Investigation of Headgroup Chemistry-Induced Changes on the Formation of Organic Friction Modifier Films at the Iron Oxide/Oil Interfaces

Lubrication ensures the reliable operation of combustion engines whilst also offering a reduction in emissions and fuel consumption. Organic friction modifiers(OFMs) are a common class of friction-reducing additives included in engine lubricants, and are known to adsorb at metal surfaces. However, the exact mechanism by which they operate has yet to be defined. In order to utilise these compounds optimally, this mechanism must be precisely understood, informing the next generation of OFMs.
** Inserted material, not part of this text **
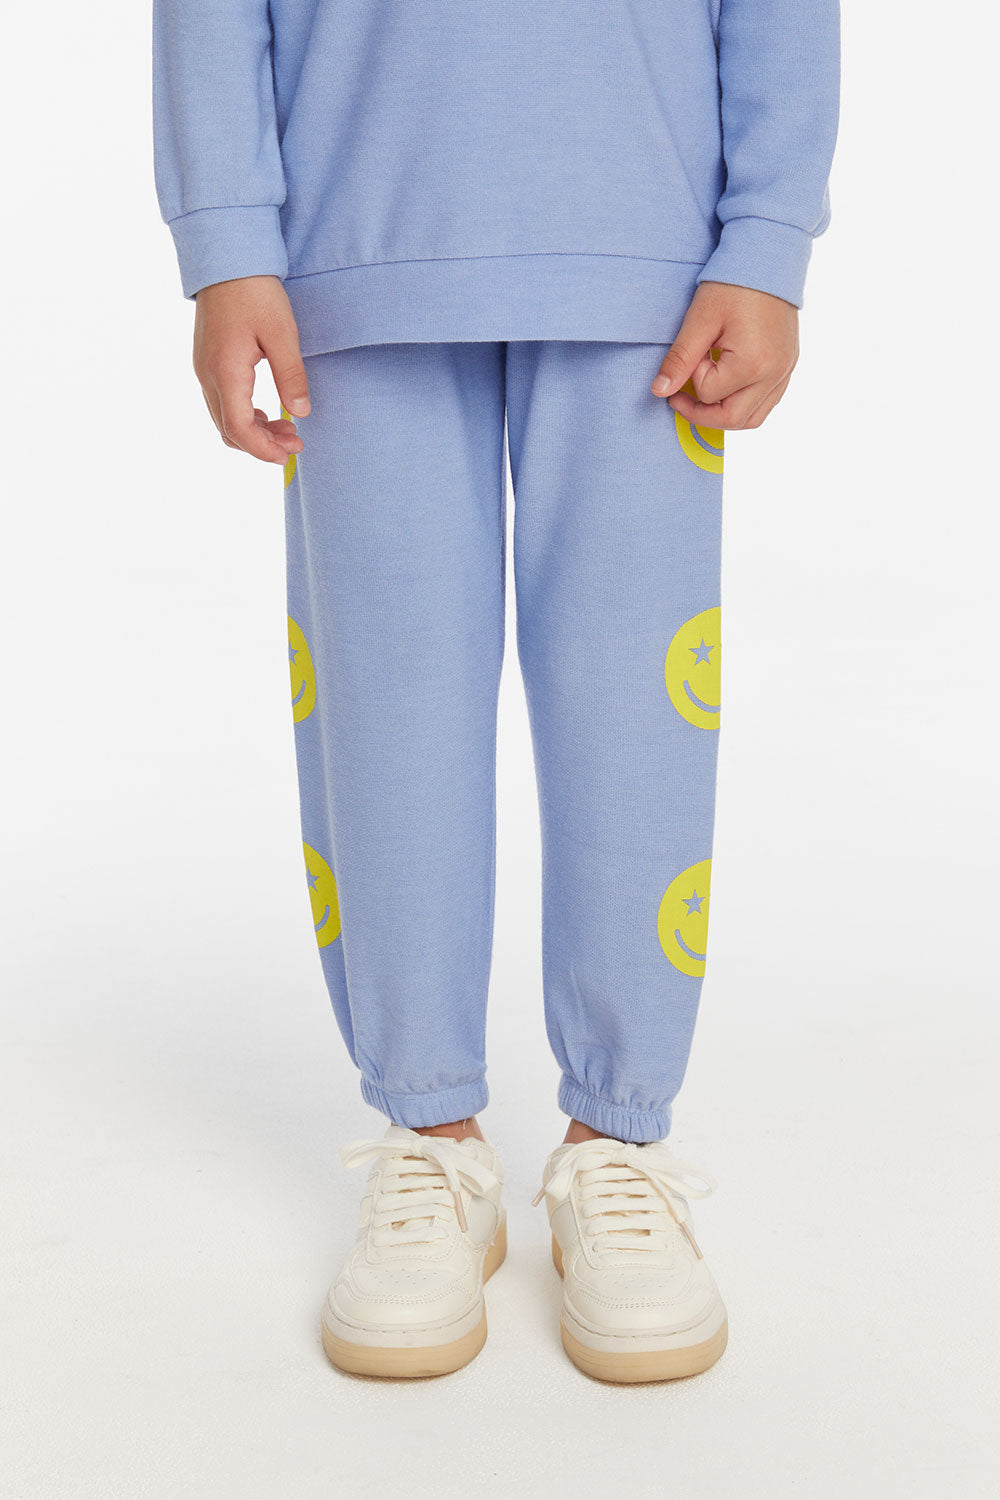 Girls Slouchy Pant - Blue

To understand how these additives function at elevated temperatures and under shear, a novel tribometer rig has been developed. In this experiment, the structure of a range of OFM candidates will be investigated at the iron oxide-dodecane interface using static and sheared neutron reflectivity. The compounds we will study are related to Ethomeen 18/12 (E1812), a successful OFM candidate that we have characterised in our previous experiments. We will investigate how changes in headgroup nature affect the interfacial composition of OFM films as a function of shear rate and chemistry type, and how the resulting structures compare to that of adsorbed E1812. This work will exploit the use of INTER and deuteration to understand adsorption mechanisms on hematite.